— Прыгай за мной, — велел Гостемил, вскакивая в седло.
Хелье не стал переспрашивать, но сделал, как велели, вскочив на круп позади Гостемила. Через несколько мгновений к ним присоединилась Эржбета, и влезла с некоторым усилием, в седло. Женщины очень выносливы, но устают быстрее мужчин, когда нужно действовать с полной отдачей. Хелье не верил глазам. Было темно.
— Вперед, вперед, — сказала Эржбета простуженно. — Сейчас будет погоня.
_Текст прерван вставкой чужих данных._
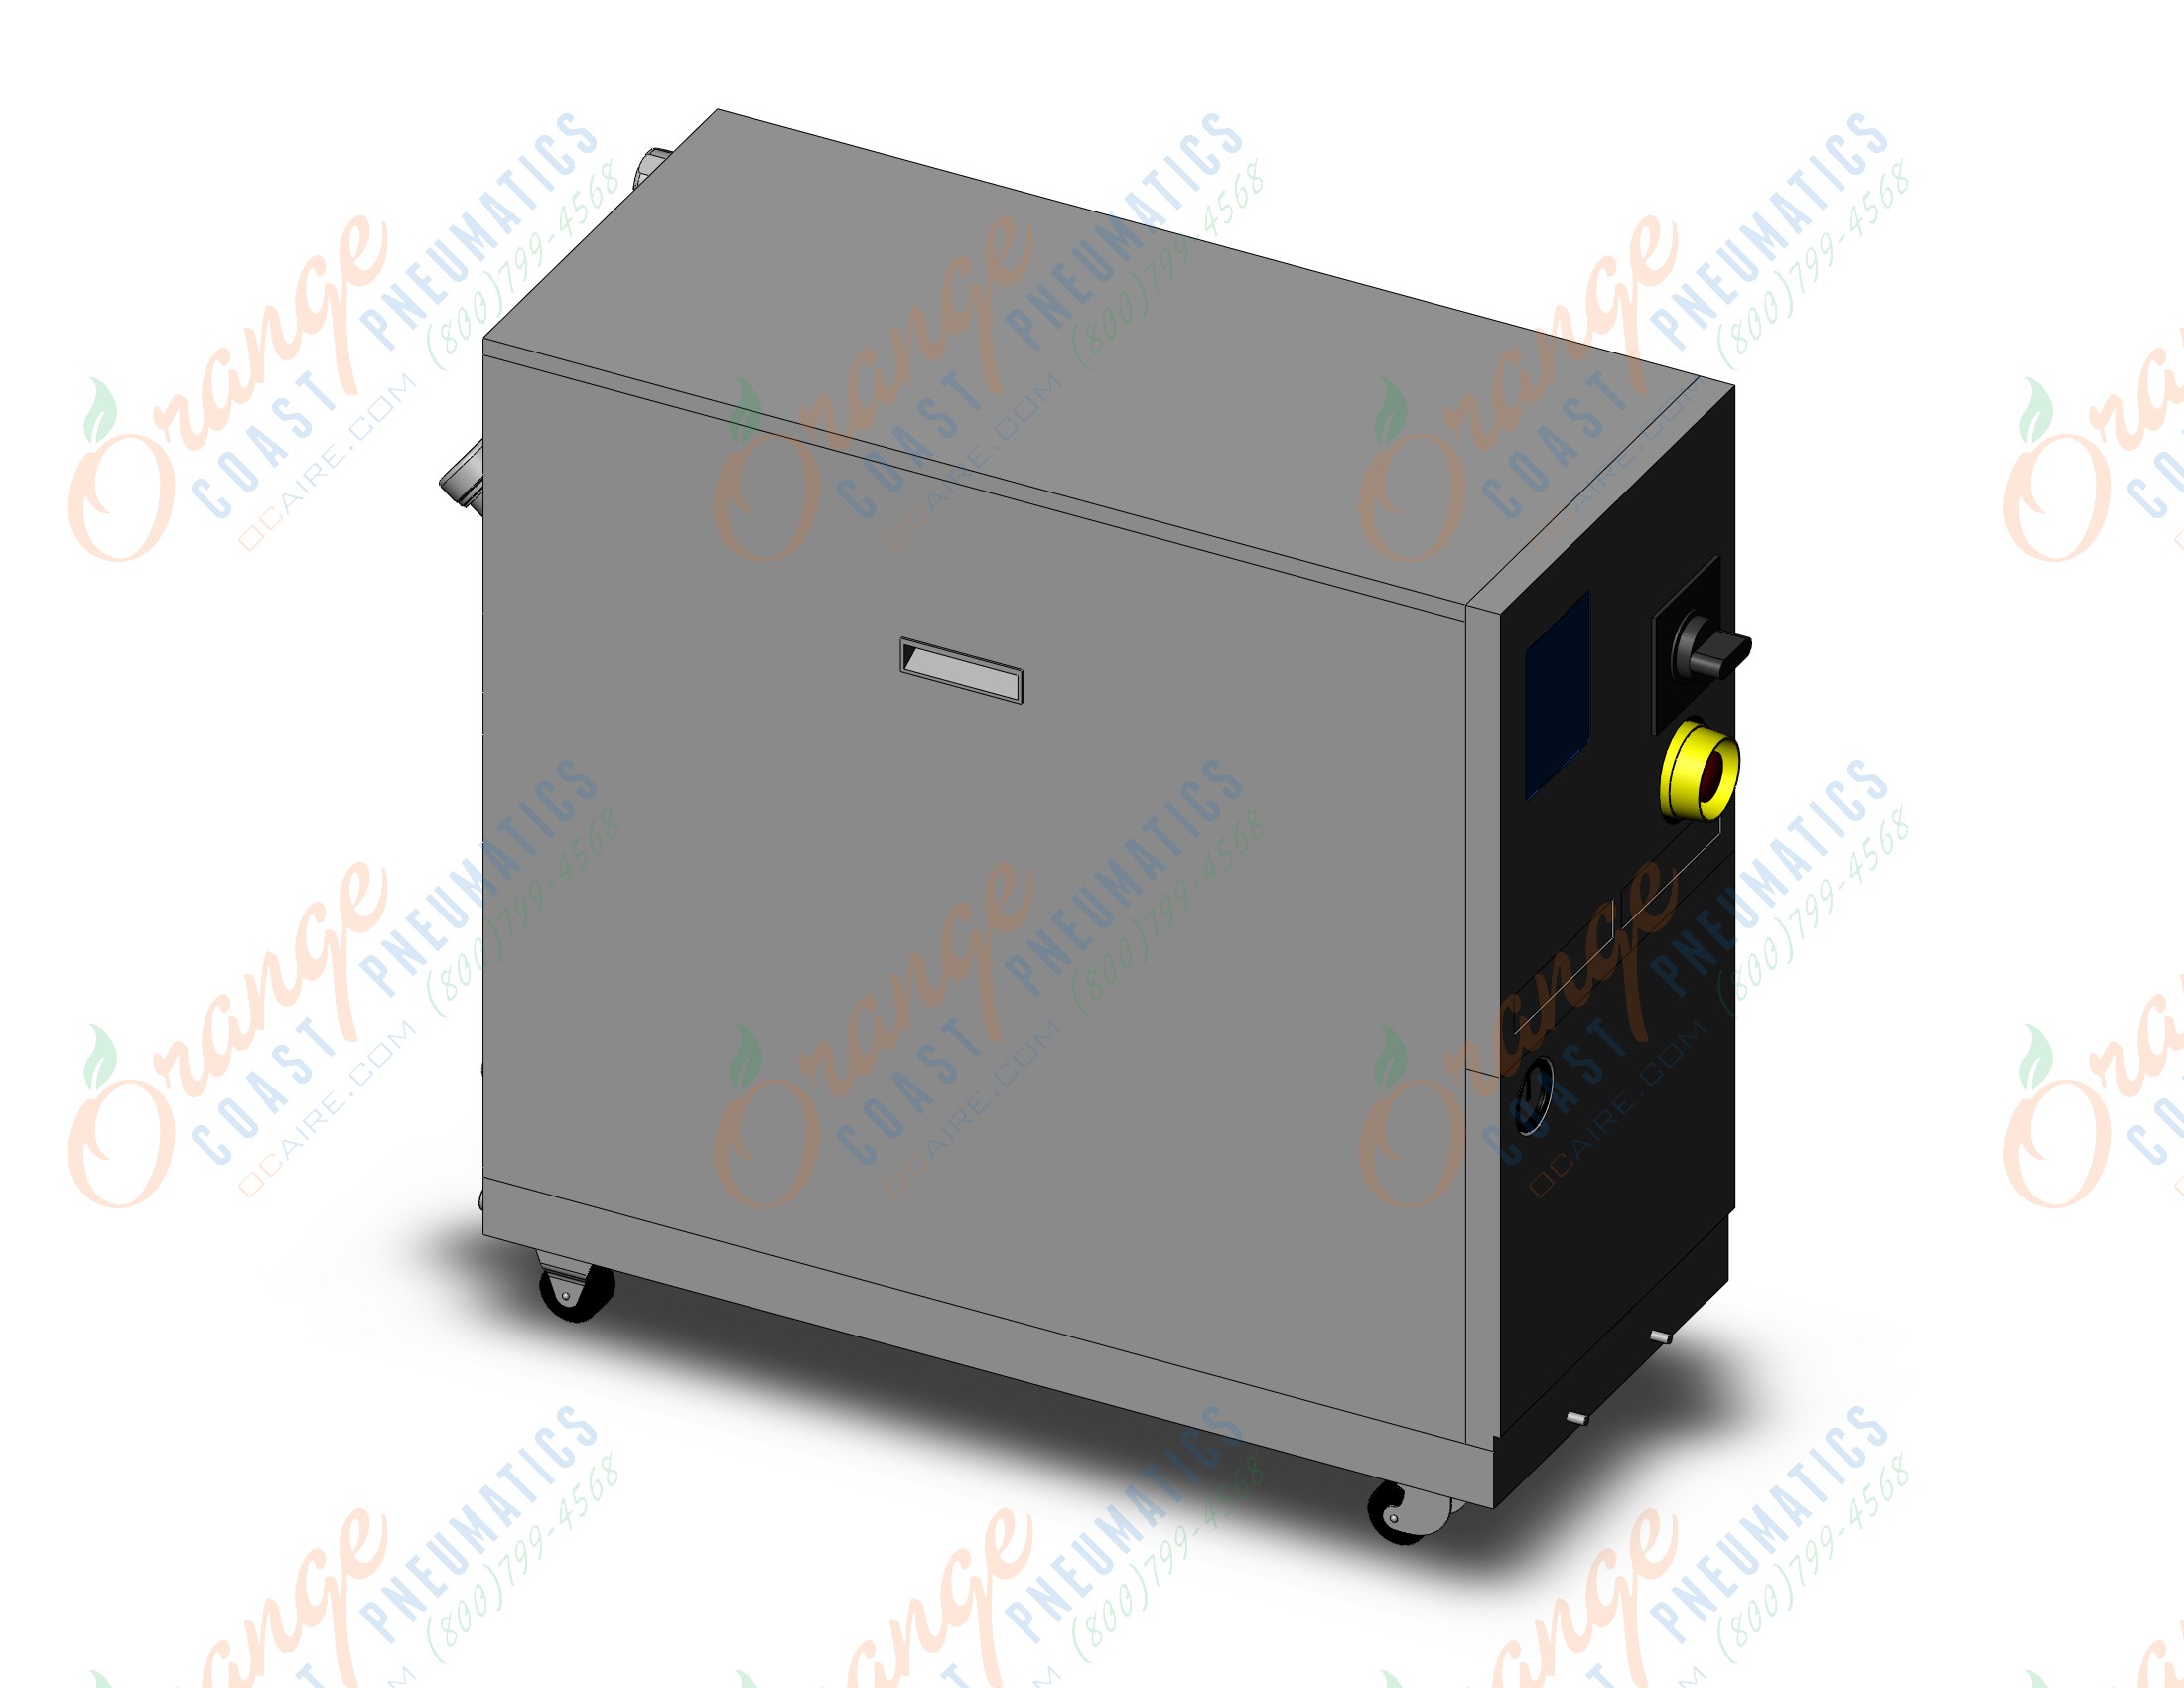 SMC HRZ004-H1-CN thermo chiller, REFRIGERATED THERMO-COOLER

Ушам пришлось поверить. Лошади прошли между редкорастущими стволами, выскочили на хувудваг, и полетели галопом. Сперва все шло хорошо, но при переправе через ручей позади послышался топот копыт.
— Быстрее, быстрее, — понукала Эржбета, вынимая из колчана стрелу. Последнюю.
— Бойко… — сказал Хелье и закашлялся. — Бойко стреля…
— Молчи.
Их было человек шесть или восемь, и у них были луки — стрела свистнула рядом с ухом Гостемила. Переправившись, беглецы снова пустили коней в галоп, а погоня приостановилась — теперь была их очередь переправляться. Еще одна стрела прошла где-то рядом, а затем Эржбета вскрикнула и стала сползать с седла.
— Свиньи неэлегантные! — возмутился Гостемил, осаживая коня. — Хелье, прыгай.
Хелье спрыгнул на землю и поддержал Эржбету, схватив коня под узцы. Гостемил развернул лошадь и вытащил сверд.
— Всем бедам не бывать, — объяснил он. — Ни кольчуги, ни щита. Эх!
— Я с тобой, — сказал Хелье.
— Из тебя теперь воитель посредственный, — заверил его Гостемил. — Спаси эту бабу неуемную, она того стоит, похоже. Это она меня сюда привела. Езжай, езжай. Быстро.
Хелье захотелось заплакать. Он бросил сверд, вскочил на круп позади Эржбеты, поддержал ее, обхватив одной рукой вокруг талии, и погнал лошадь дальше по хувудвагу. Оглянулся он только один раз, и увидел, как Гостемил с поднятым свердом летит навстречу погоне.
ГЛАВА ТРИДЦАТЬ ВТОРАЯ. УБЕЖИЩЕ
Лес зарастал понемногу паутиной, солнце больше не жгло, но ласкалось, рыба в реке совсем спятила и сама кидалась в сети, птиц по ночам приходилось иногда отпугивать, чтобы не так орали, болтались яблоки на диких яблонях, а в монастырском огороде неподалеку с немалым хвоеволием копошились монахи. Обнаруживший солидную сметку в плотничьем деле, молодой сигтунец помогал монастырской братии, чинил двери и крышу, ставил перегородки, выстругивал планки — грубовато, но надежно — а гвозди всаживал одним ударом, несмотря на худобу. Примерно две трети поселения были греки, остальные славяне. С греками сигтунец изъяснялся, как мог, на латыни, со славянами зубоскалил, славяне переводили грекам, и греки смеялись и хлопали себя по животам. Но никогда сигтунец не проводил больше двух часов в день возле монастыря, а всегда уходил в брошенный сарай в полу-арже вниз по речке. Монахи знали, что там, в сарае, переоборудованном под временное жилище, умирает женщина.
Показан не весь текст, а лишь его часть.